Rosemary Sayigh (née: Boxer; born 1927) is a British-born journalist and scholar of Middle Eastern history. She is known for her works on the Palestinian people, particularly those forcibly displaced to Lebanon as a result of the Nakba.

== Personal life ==
Sayigh was born on 15 March 1927 in the United Kingdom as Rosemary Boxer. She is the elder sister of Mark Boxer, a British journalist. Sayigh met her future husband, Yusif Sayigh, while she was working in Baghdad, Iraq as a teacher. The couple married at the National Evangelical Church in Beirut, Lebanon on 7 October 1953. The couple had four children, including scholar Yezid Sayigh.

During the 2006 Lebanon War, Sayigh evacuated from her home in Beirut to stay with her daughter in Cyprus.

== Education ==
Sayigh graduated from the University of Oxford with a Bachelor of Arts in English Language and Literature in 1948.

She began her MA in sociology and anthropology from the American University of Beirut in 1970. Sayigh's masters' thesis was about the experience of Palestinians displaced to Lebanon, based on research and interviews undertaken at refugee camps in or near Beirut. The thesis was accepted in 1976 despite resistance from her thesis advisor, thanks to intervention from a Palestinian history professor at the University.

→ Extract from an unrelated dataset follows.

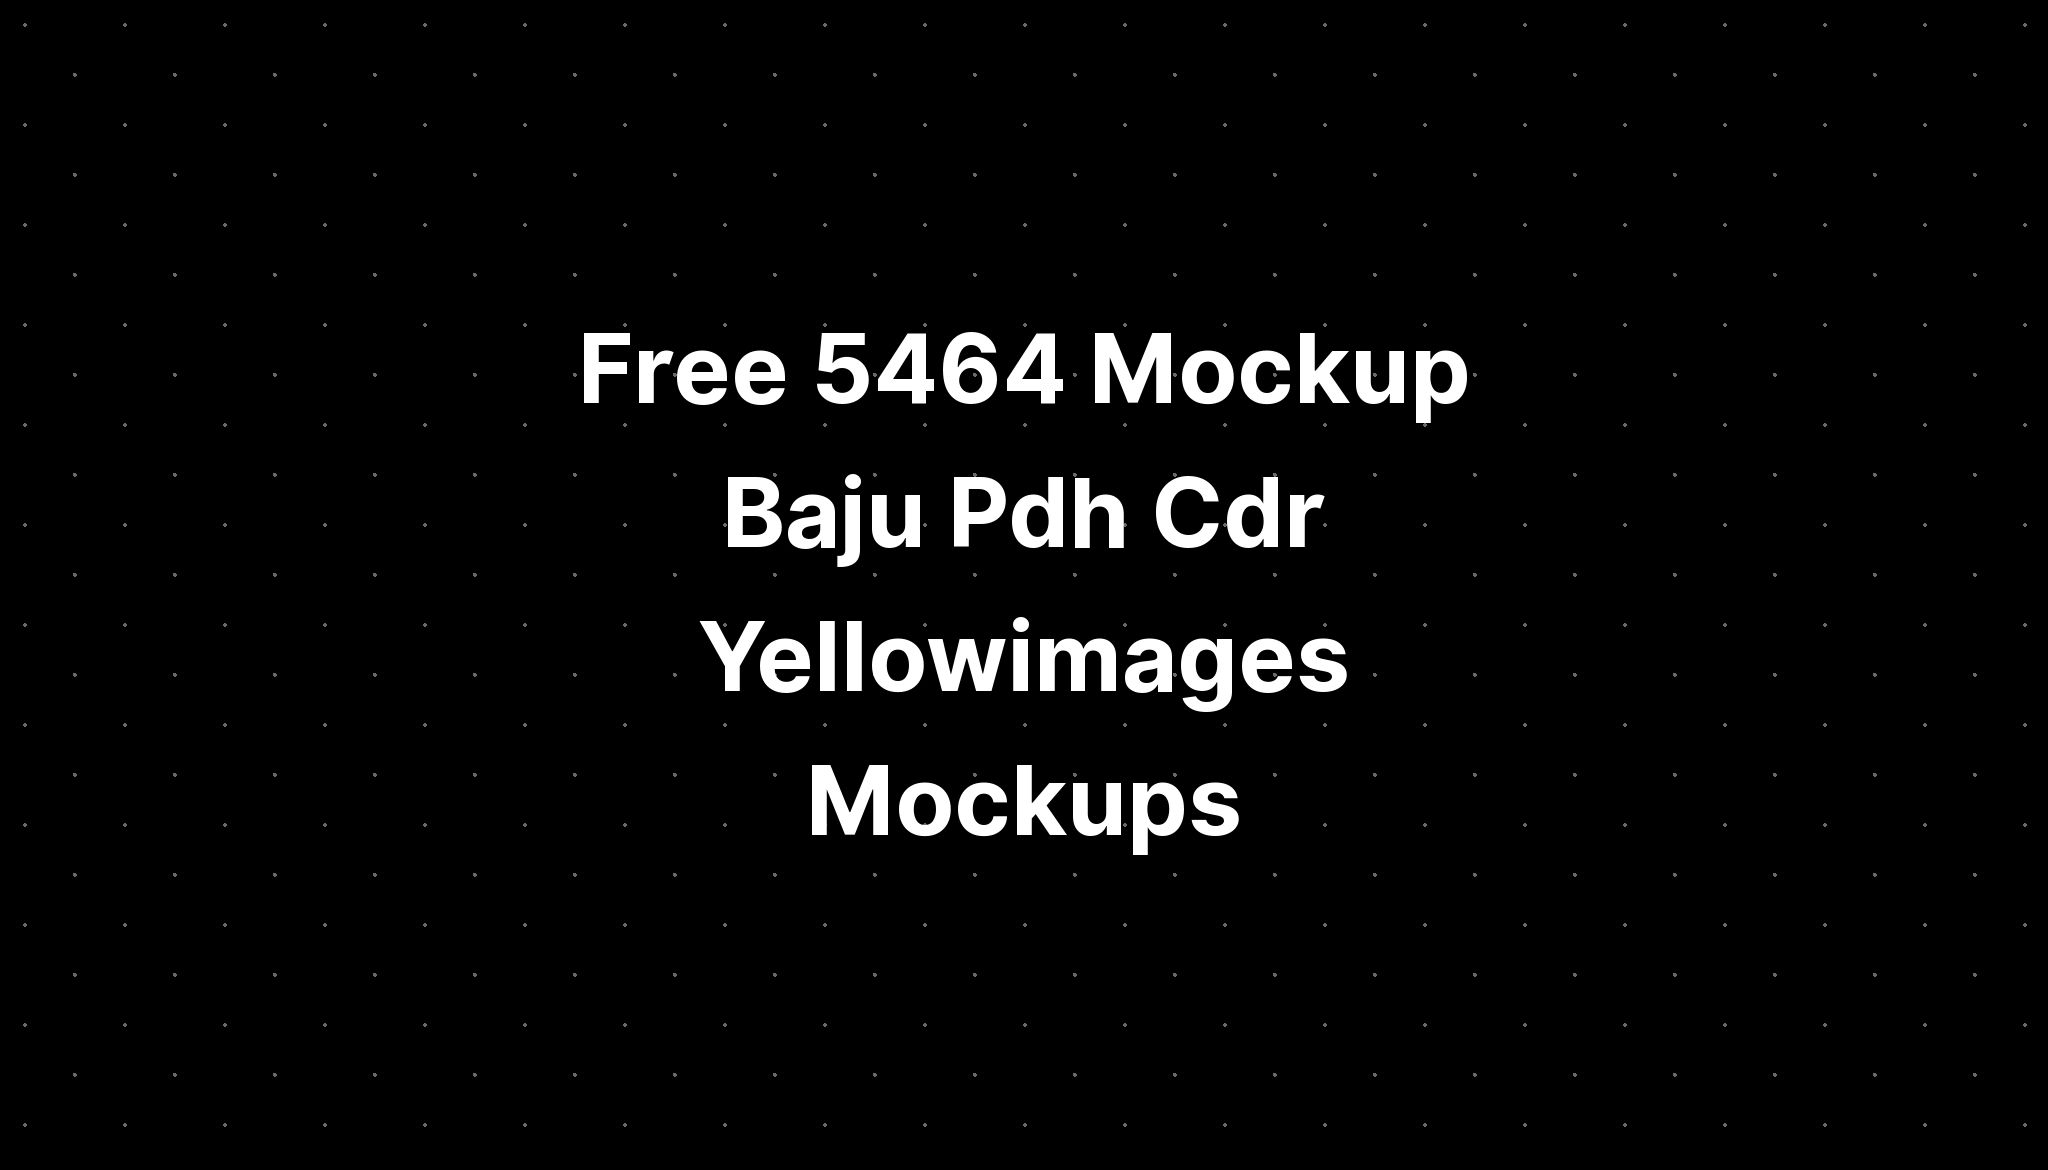 Free Mockup Baju Pdh Cdr Yellowimages Mockups Imagesee

Sayigh received a PhD in social anthropology from the University of Hull in 1994.

== Career ==

=== Early Career, 1948-1952 ===
After graduating from the University of Oxford in 1948, Sayigh moved to Italy, first working as an au pair and then as an assistant at a British Institute Library. On her return to London a year later, she struggled to find employment, eventually getting a position at the advertising agency J. Walter Thompson.

=== Baghdad, 1952-1953 ===
In 1952, Sayigh's friend Desmond Stewart found her a teaching job at Queen Aliya College in Baghdad, Iraq. Stewart was a classical scholar teaching in Baghdad at the College of Arts and Sciences at the same time. Sayigh taught at Queen Aliya College for two years, overlapping on the faculty with Palestinian novelist and painter Jabra Ibrahim Jabra.

=== Journalism ===
In Beirut, Sayigh began working as a journalist. Through visits with her mother-in-law's cousin, Sayigh began interviewing the residents of Dbayeh camp and sharing the interviews in articles for Kayhan Weekly, the Journal of Palestine Studies, and later The Economist. Sayigh stopped writing for The Economist in 1970, when she left due to disapproval of the magazine's "uncritical, pro-American position on the Vietnam War."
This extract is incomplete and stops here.